Conventional video-conferencing (Zoom, Teams, etc.) operates at end-to-end delays of roughly 100–300 ms. That is comfortable for speech — human conversation tolerates round-trip delays up to about 250 ms before it starts to feel wrong — but it is well above the threshold at which ensemble timing breaks down. The NMP literature generally puts the upper bound for synchronous rhythmic playing somewhere between 20 and 30 ms one-way, with considerable variation by tempo, instrument, and whether the performers can see each other [Carôt 2011; Tsioutas & Xylomenos 2021; Medina Victoria 2019].
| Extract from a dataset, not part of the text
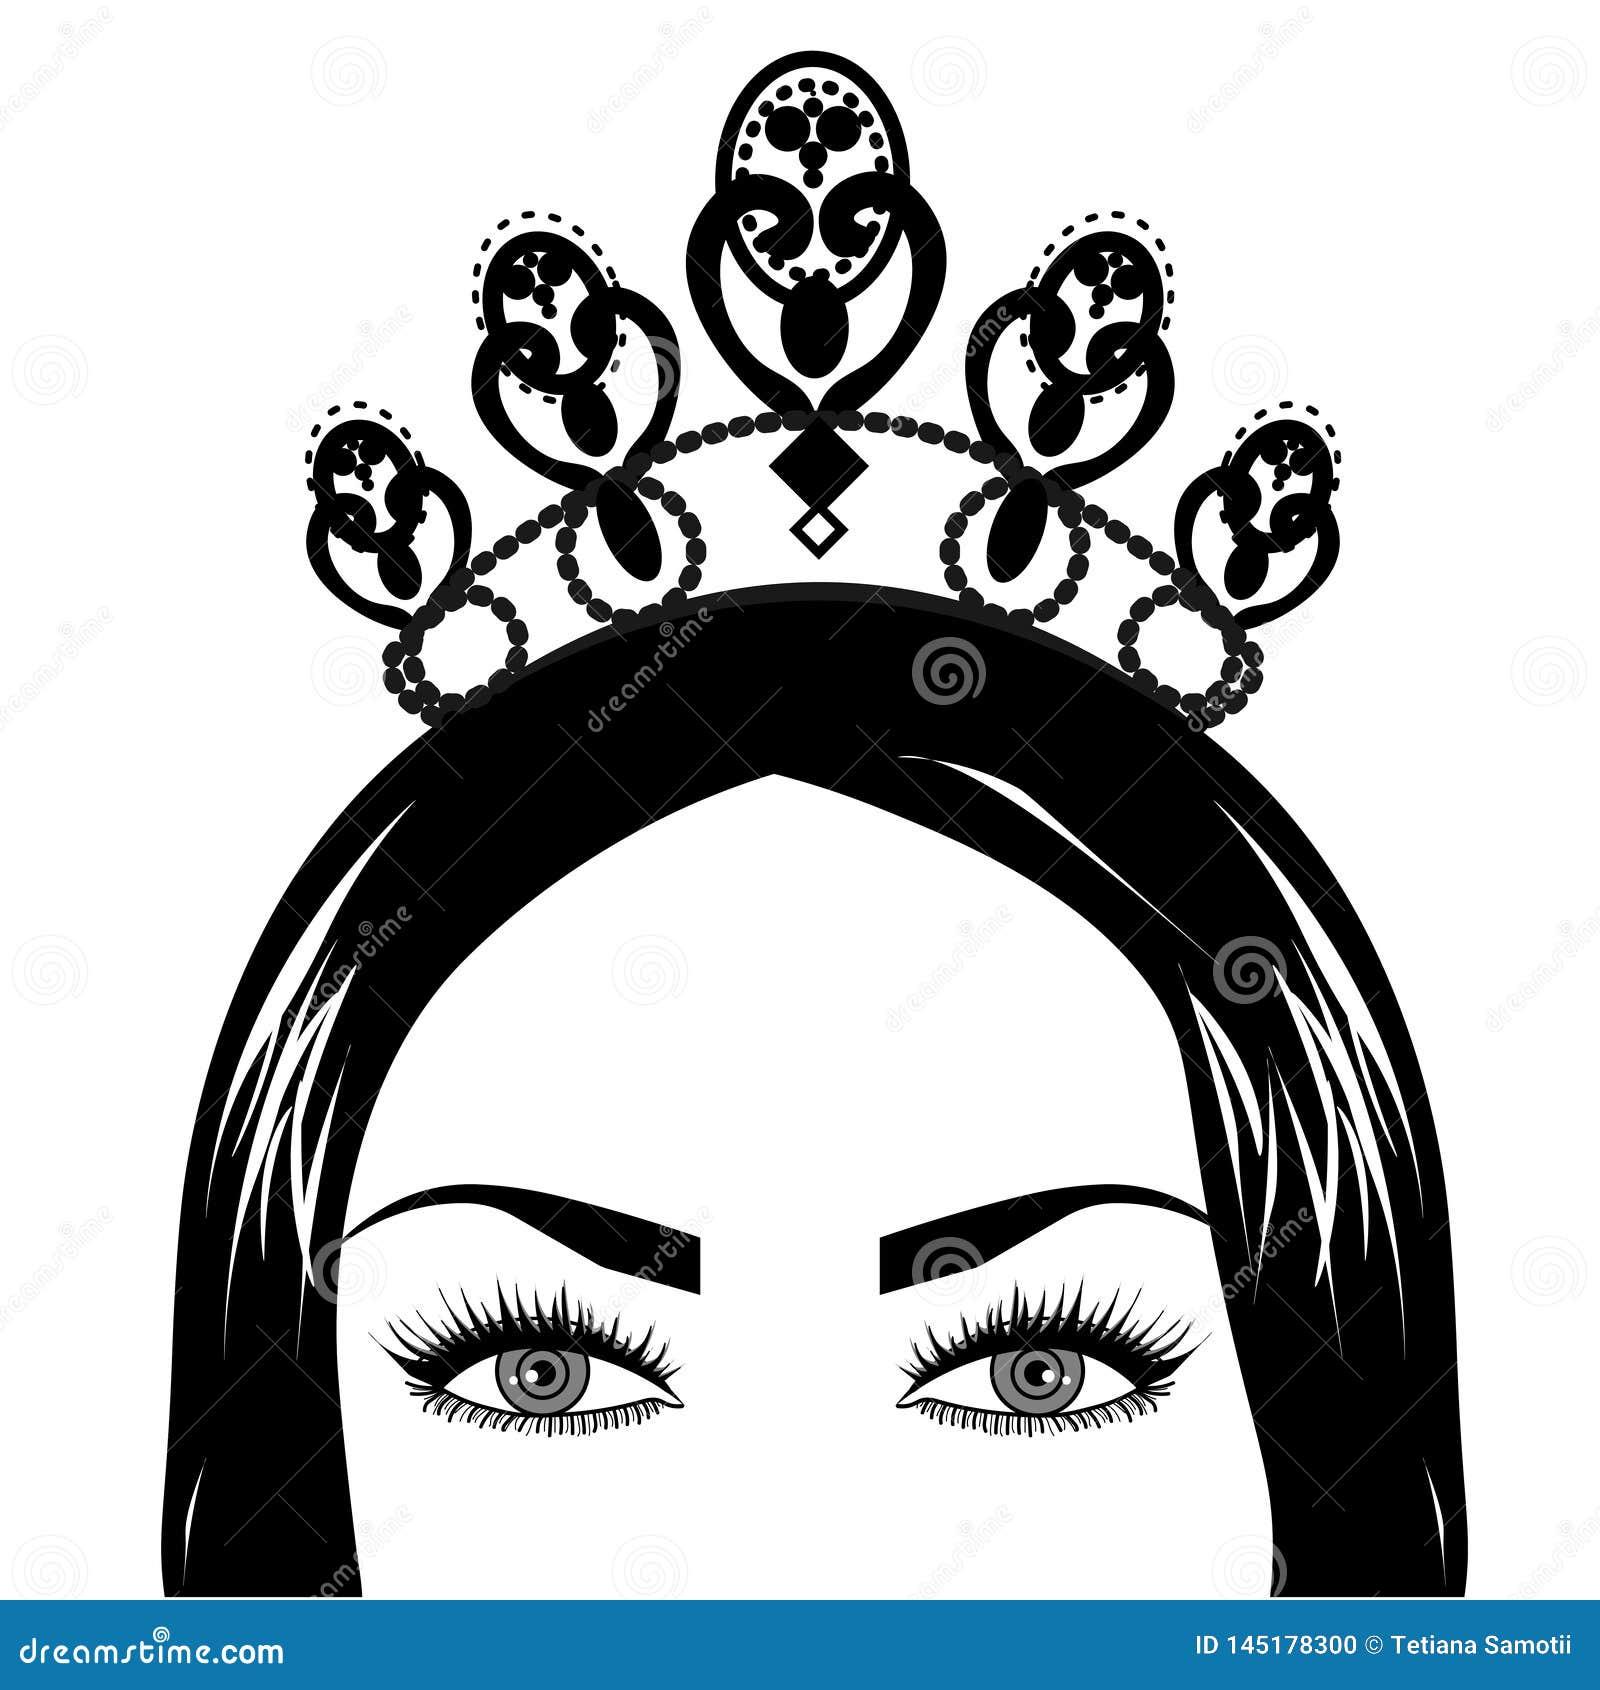 Logotipo da rainha e da coroa da Web

Specialised low-latency systems cut the processing overhead by avoiding compression, using hardware-accelerated video pipelines, and riding research-and-education networks that offer better jitter characteristics than commodity internet. Two of the better-known ones are LoLa (Low Latency Audio Visual Streaming System, developed at Conservatorio G. Tartini Trieste) and MVTP (Modular Video Transmission Platform, developed at CESNET in Prague). We deployed both at Hochschule für Musik und Tanz Köln as part of the RAPP Lab collaboration and spent about two and a half years measuring them.


The Latency Budget

End-to-end latency in NMP is cumulative and non-recoverable. Once delay enters the chain, nothing downstream can subtract it. The budget looks like:

\[ L_\text{total} = L_\text{capture} + L_\text{buffer} + L_\text{network} + L_\text{playback} \]
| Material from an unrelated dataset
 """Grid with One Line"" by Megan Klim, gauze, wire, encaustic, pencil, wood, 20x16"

Network latency \( L_\text{network} \) includes propagation (roughly \( d / (2 \times 10^8) \) seconds for a fibre link of distance \( d \) metres, accounting for the refractive index of glass) plus per-hop processing. Everything else is system-dependent.

The key insight is that \( L_\text{buffer} \) is not fixed — it is a consequence of jitter. A jittery link forces larger buffers to avoid underruns, which directly adds to perceived latency. This is why raw bandwidth is almost irrelevant for NMP: a 1 Gbps link with erratic jitter will perform worse than a 100 Mbps link with deterministic behaviour.


What We Measured and How

Network RTT. ICMP ping, 1,000 packets per run. We report the median as a robust summary; the mean is too sensitive to the occasional rogue packet.

End-to-end audio latency. An audio signal-loop: transmit a test signal from site A to site B, have site B return it immediately, estimate round-trip delay by cross-correlation. One-way latency = signal-loop RTT / 2. This method captures local processing and buffering at both ends in addition to the network leg, which is what actually matters for a musician.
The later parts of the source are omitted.